Looking at FODMAP it looks interesting, and I may well want to try it. However, I do find it confusing: Even within one write up about it I have seen contradictions. (Wrote about this yesterday, but my thread seems to be missing - could be me). For instance 'artichokes' are named both as 'don't eat' and 'OK' on one page. does this refer to jerusalem artichokes (Helianthus tuberosus)(a root veg) or globe artichokes (Cynara cardunculus)(a flower head veg)? I grow both in the garden with the intention of eating, so it is of interest to me. There may be other contradictions too,but that was one that leapt out for me. Is anyone in the UK trying this diet, and if so how have you found it and have you got UK based useful guidelines?


----------



## Pippa1260 (May 18, 2011)

I'm from the UK, and whilst I can't answer your question about artichokes and the specifics of the diet I would fully recommend it.
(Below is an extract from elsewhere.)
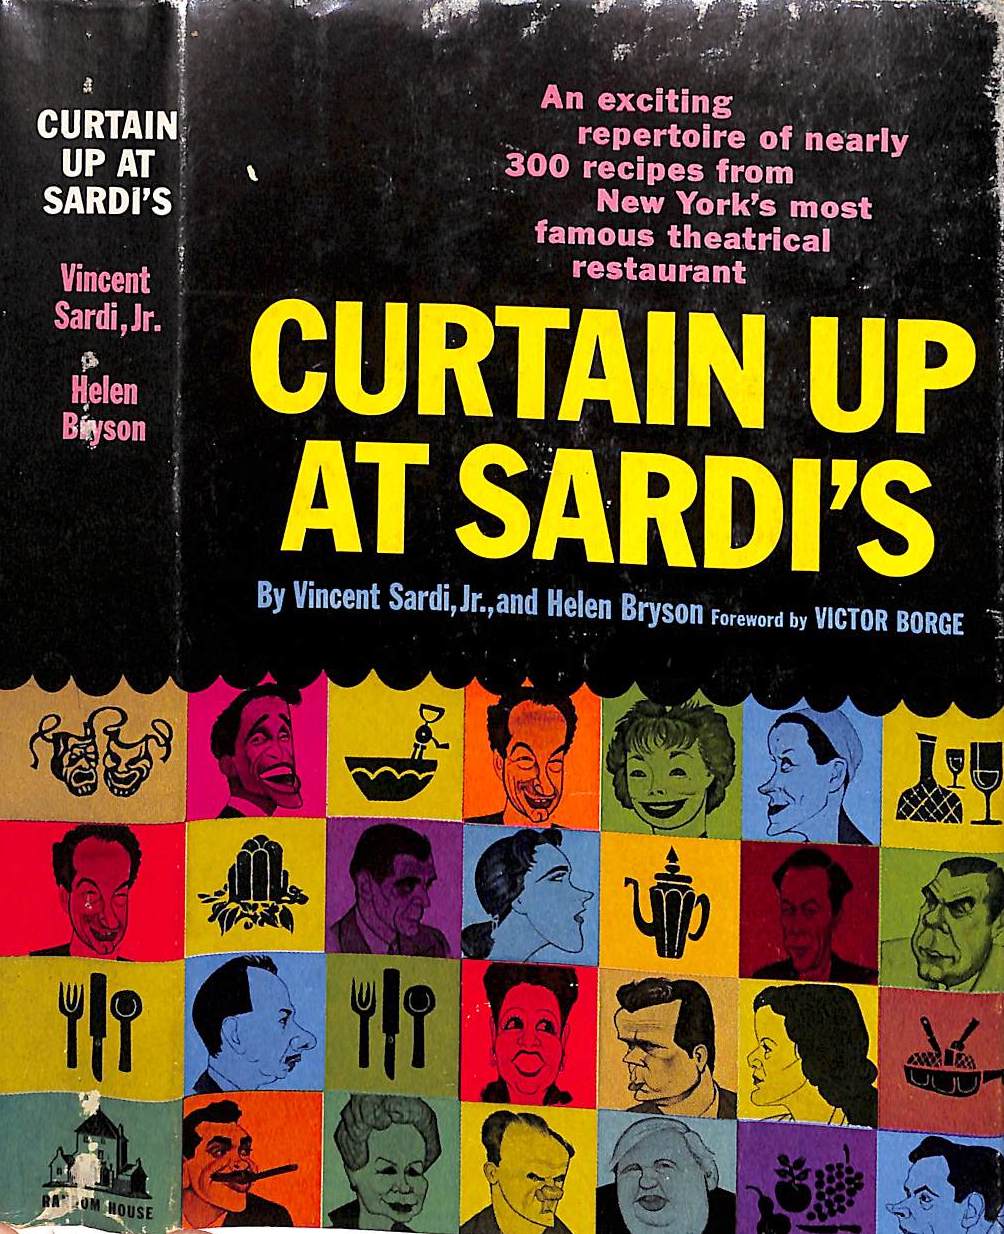 "Curtain Up At Sardi's" 1957 SARDI, Vincent Jr. and BRYSON, Helen
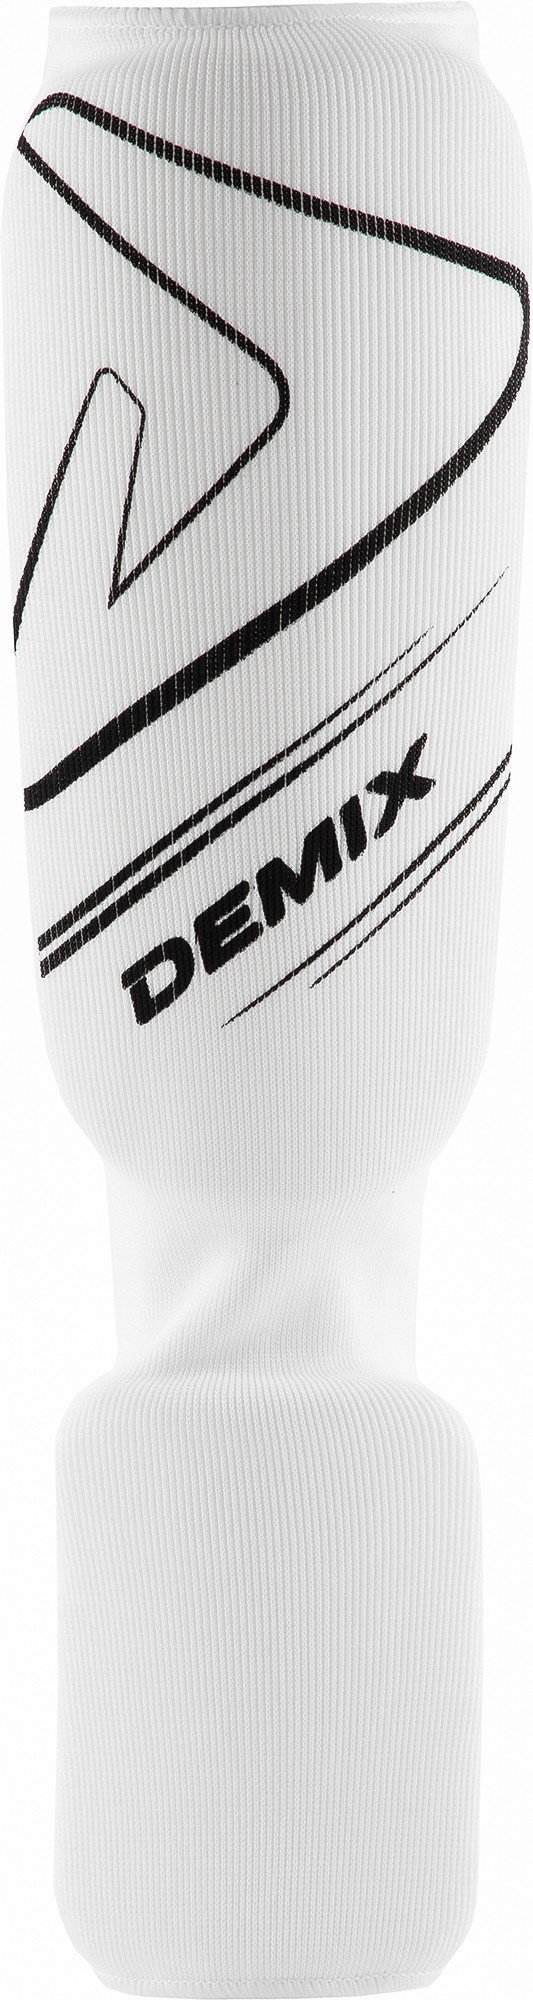 Захист гомілки Demix

My father and I have been following the diet for roughly 2 weeks and have found it the most effective treatment we have used so far for treating our IBS.You may find this link helpful in making up your mind about the diet: http://health.alprosoya.co.uk/fileadmin/www_alpro-soya_com/content/health.alpro-soja.com/EN/guest-editorial/FODMAP_article_ENews_May10.pdfThere are contradictions yes, but trial and error soon shows what will work best for you personally. This is the list I follow: http://www.healthyfood.co.nz/articles/2010/march/are-you-intolerant-to-common-foods/fodmap-intolerances-0310.pdfHope you're well and best of luck.


----------



## flower44 (Feb 7, 2011)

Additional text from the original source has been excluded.